Dr. Weber: Yes, back when I was at the Moffitt Cancer Center in Tampa, I initiated a pilot trial that was initially 20 patients, who got the combination of ipilimumab and nivolumab. They had stage IIIC and stage IV resected melanoma, which we think of as the bad actors at the highest risk of relapse. And of those 20 patients, more than half couldn’t finish the 12-week induction regimen because we used the high dose of ipilimumab at 3 mg/kg, whereas nivolumab was given at 1 mg/kg. So we did what a lot of practitioners do in current practice, and that is we flip the doses. We gave ipilimumab at 1 mg/kg and nivolumab at 3 mg/kg, and that regimen was much better tolerated.

When I came to NYU 2 years ago, we added another 16 patients for a total of 56, where we not only flipped the doses of ipilimumab and nivolumab, making the combination much better tolerated, but we started giving the nivolumab every 4 weeks according to pharmacokinetic data that had just recently come out. Of those 56 patients with an average follow-up of over 2.5 years, only 1 patient has died and I believe 11 of the 56 have ever relapsed. That is a pretty darn good record, and the best record I’ve had in a pilot adjuvant trial. And again, these were all bad-actor patients with stage IIIC and IV resected melanoma.

So those pilot trial results will eventually get published, but that provoked the large trial of low-dose ipilimumab at 1 mg/kg plus nivolumab at 3 mg/kg, and eventually we gave six doses of the nivolumab and used nivolumab as maintenance therapy every 4 weeks at a 480-mg fixed dose. This is a 1-year regimen that is relatively easy to tolerate because you are only getting the nivolumab once every 4 weeks and that was compared to the by-now FDA-approved standard of nivolumab alone. So that head-to-head trial, called Checkmate 915, will end up accruing about 2,000 patients. Of course, in that trial we’ll look at the toxicity of the flip dose of ipilimumab-nivolumab (where the ipilimumab is given every 6 weeks throughout the year, which has produced less toxicity than the higher dose of ipilimumab plus nivolumab). Nivolumab will be given every 3 weeks in the study during the induction-dose phase, and every 4 weeks during the maintenance phase. Hopefully in a few years we’ll have the answer as to whether there is a difference in relapse-free survival between the arms.

Cancer Network: Are there other immunotherapy trials that you and your colleagues are looking forward to reading that will address important clinical questions of adjuvant immunotherapy for melanoma?

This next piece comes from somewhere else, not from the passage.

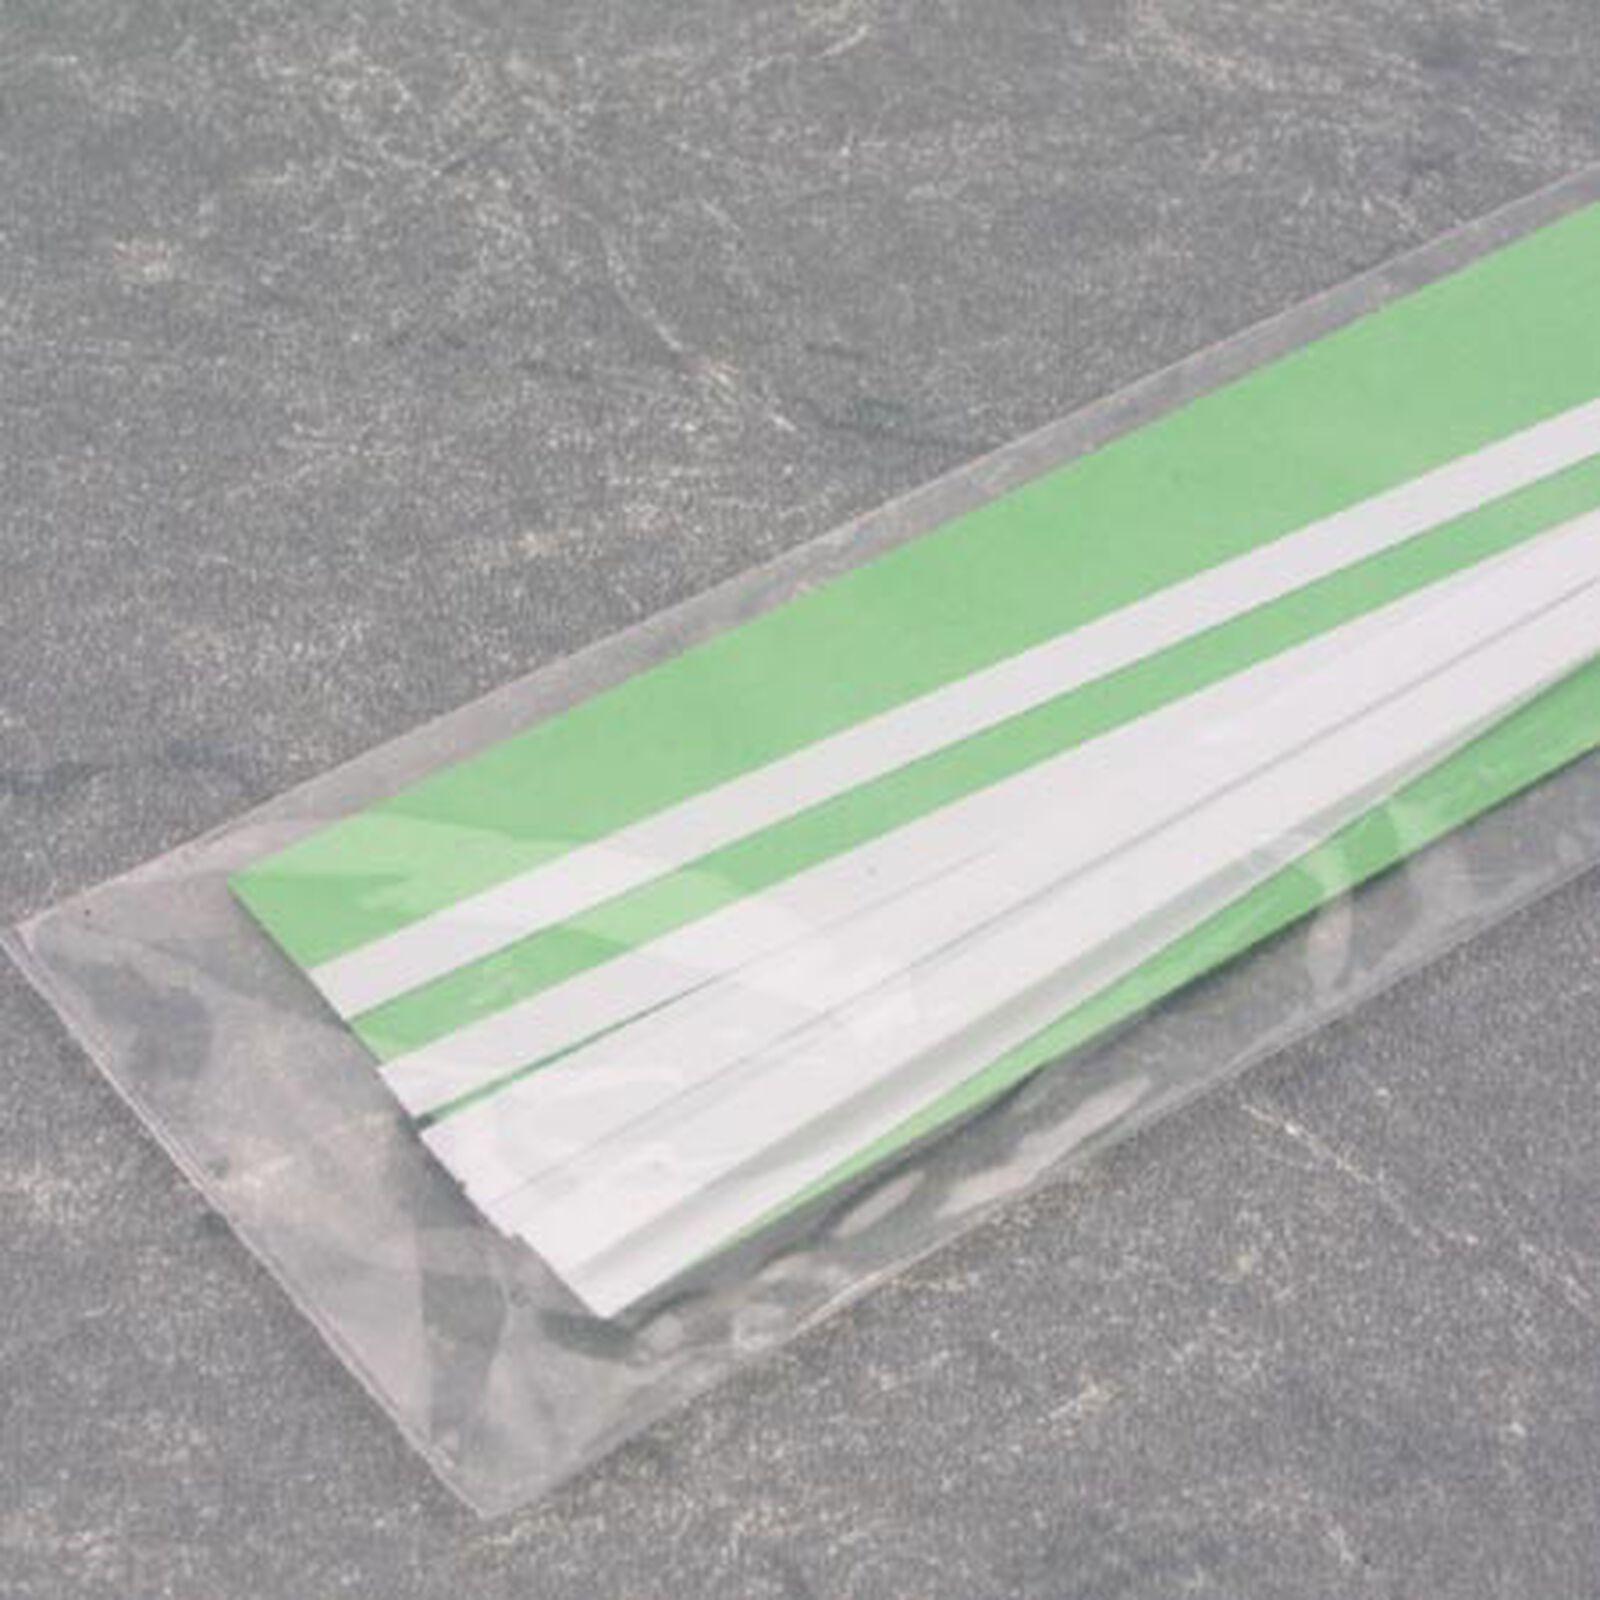 Strip .010 x .188 (10)

Dr. Weber: There will be a trial, we hear, in stage II melanoma-and I assume that will be in stage IIB and IIC disease (which are the highest risk ones)-of pembrolizumab versus placebo. There also may be some upcoming trials with nivolumab in stage II disease but we haven’t heard about that yet. I think these will be useful trials because a good number of patients will relapse-and if you can choose the worst-acting patients (the ones most likely to relapse), those are the perfect patients to go on an adjuvant trial because the magnitude of the benefit is going to depend on the likelihood of relapse.

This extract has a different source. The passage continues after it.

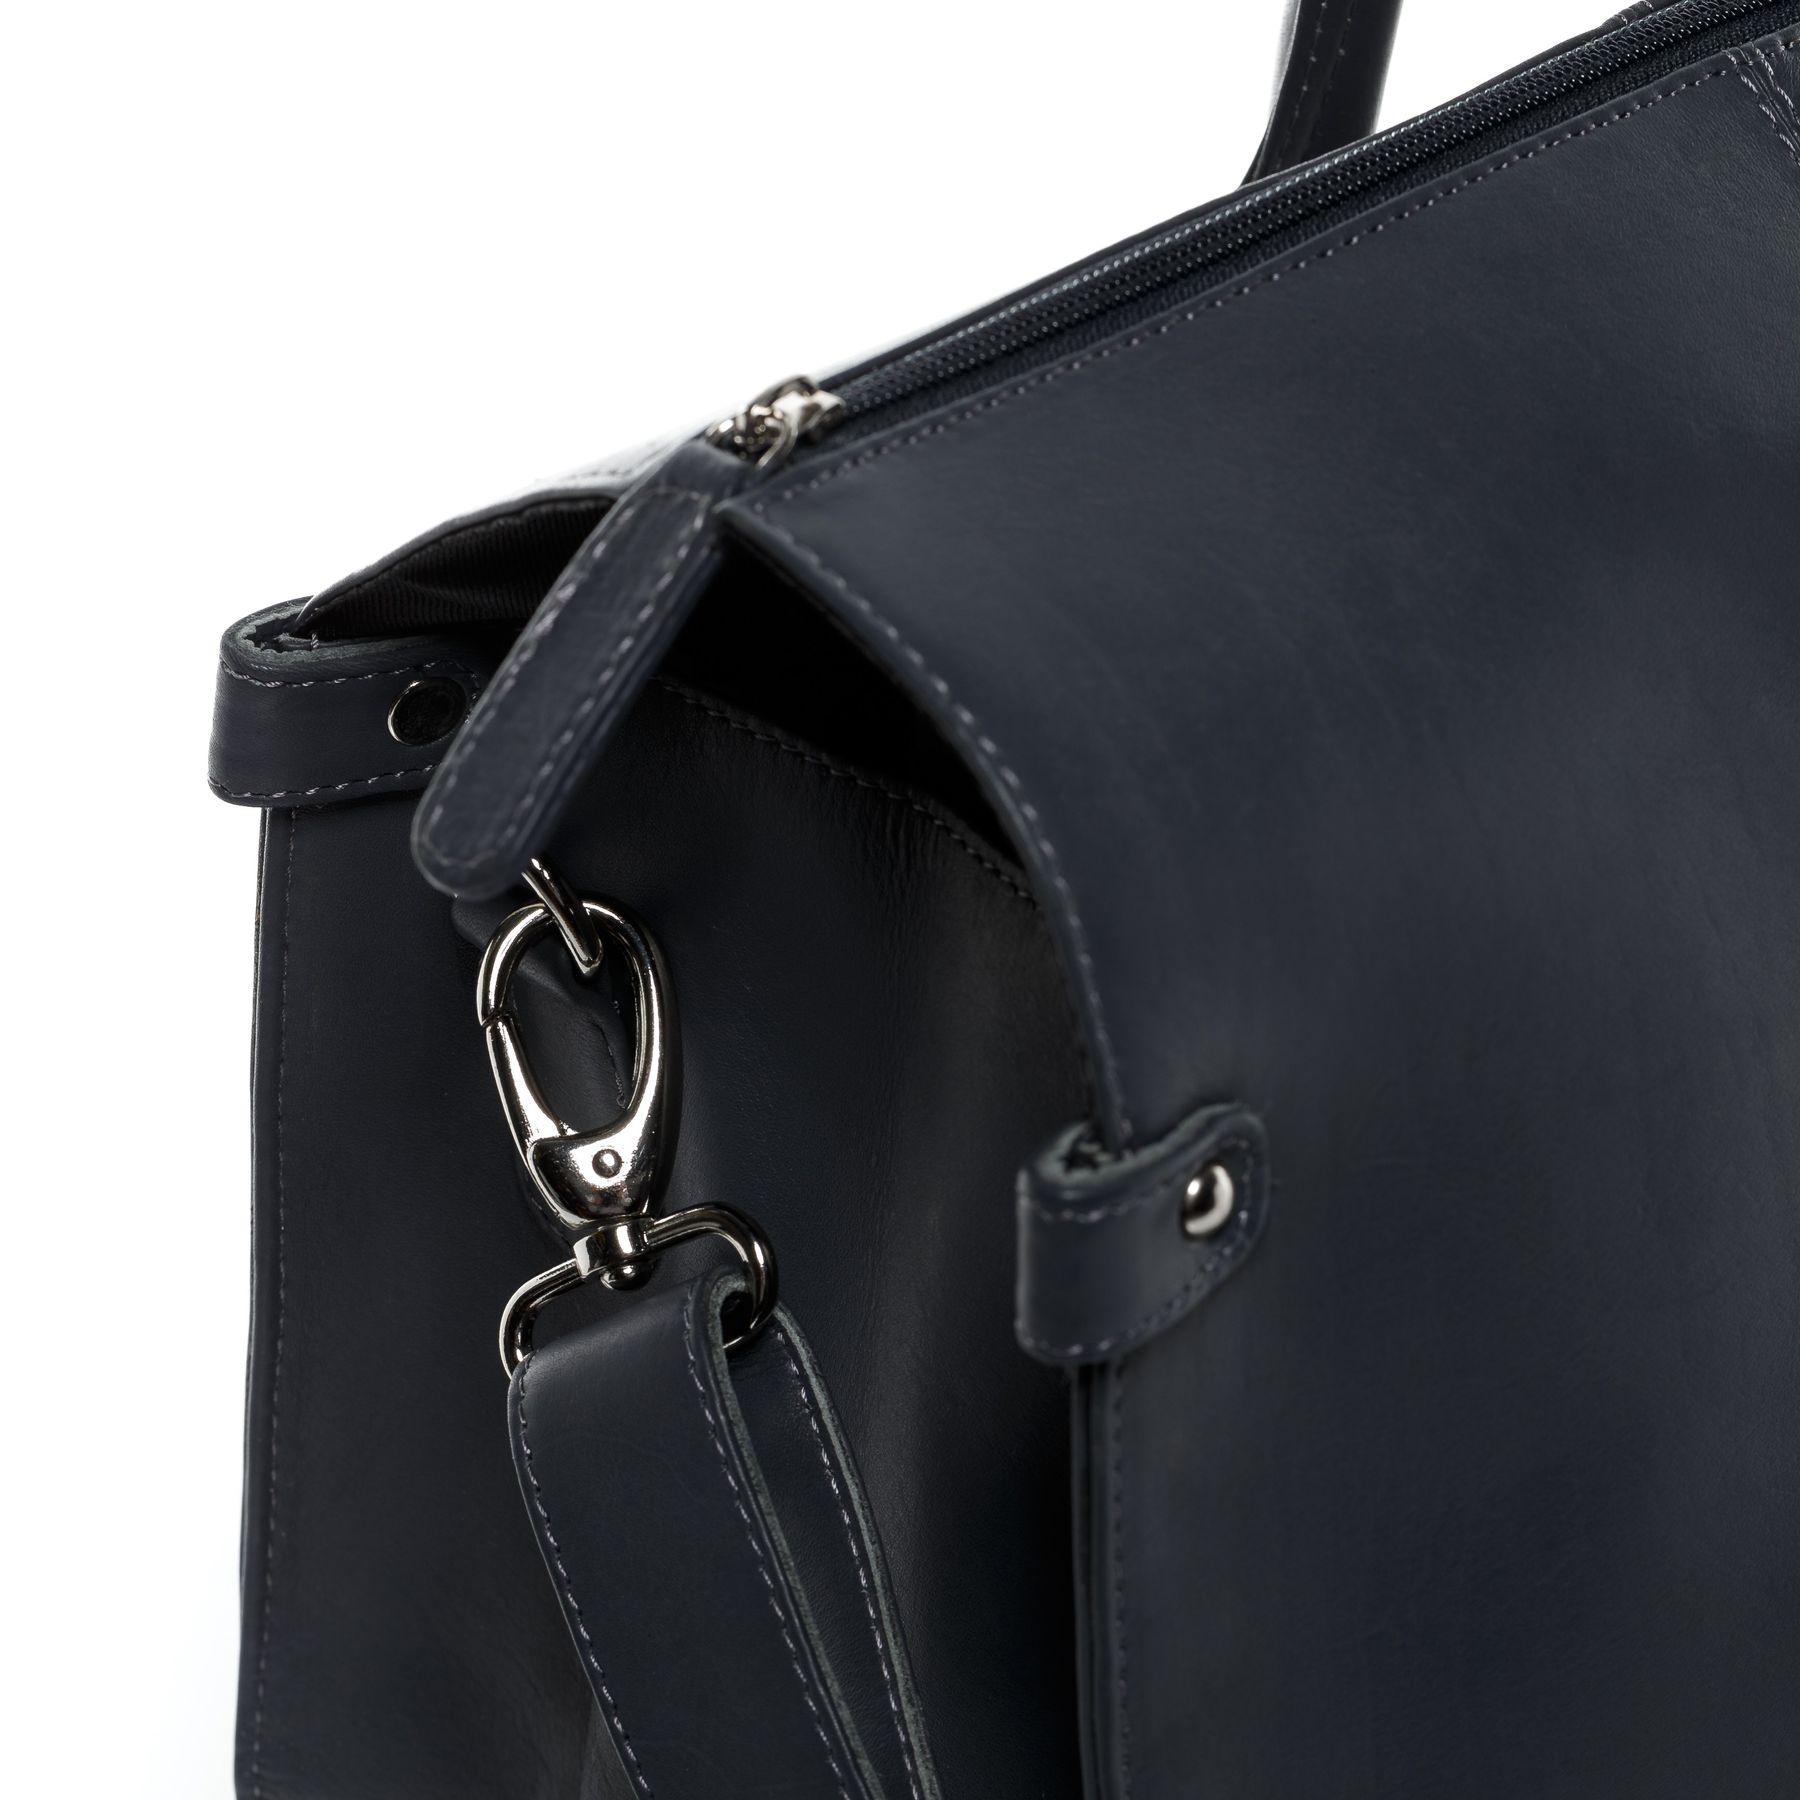 5d242550b2 BACCINI sac de voyage cuir gris fourre-tout besace week-end sac ...

If you treat 1,000 patients and 500 are never destined to relapse, that means you’ve just treated half of your patients for no benefit. And let’s say the hazard ratio is 0.66; that means you have a one-third reduction in the risk of relapse. But if the risk of relapse is only 1 in 2 and you’ve only benefited one-third of the patients, that means you’ve actually benefited just one-third of one half, which is one-sixth. So that means you need to treat 6 patients to benefit 1 patient. I would rather be in a position where I treat 2 patients to benefit 1 patient, which makes it a much more palatable and economically feasible regimen. So, we look forward to the trials and the results of adjuvant therapy in stage II melanoma. Some of the stage IIC patients have a risk of relapse as high as the stage IIIB patients, so it’s not unreasonable to be testing immunotherapy in that scenario.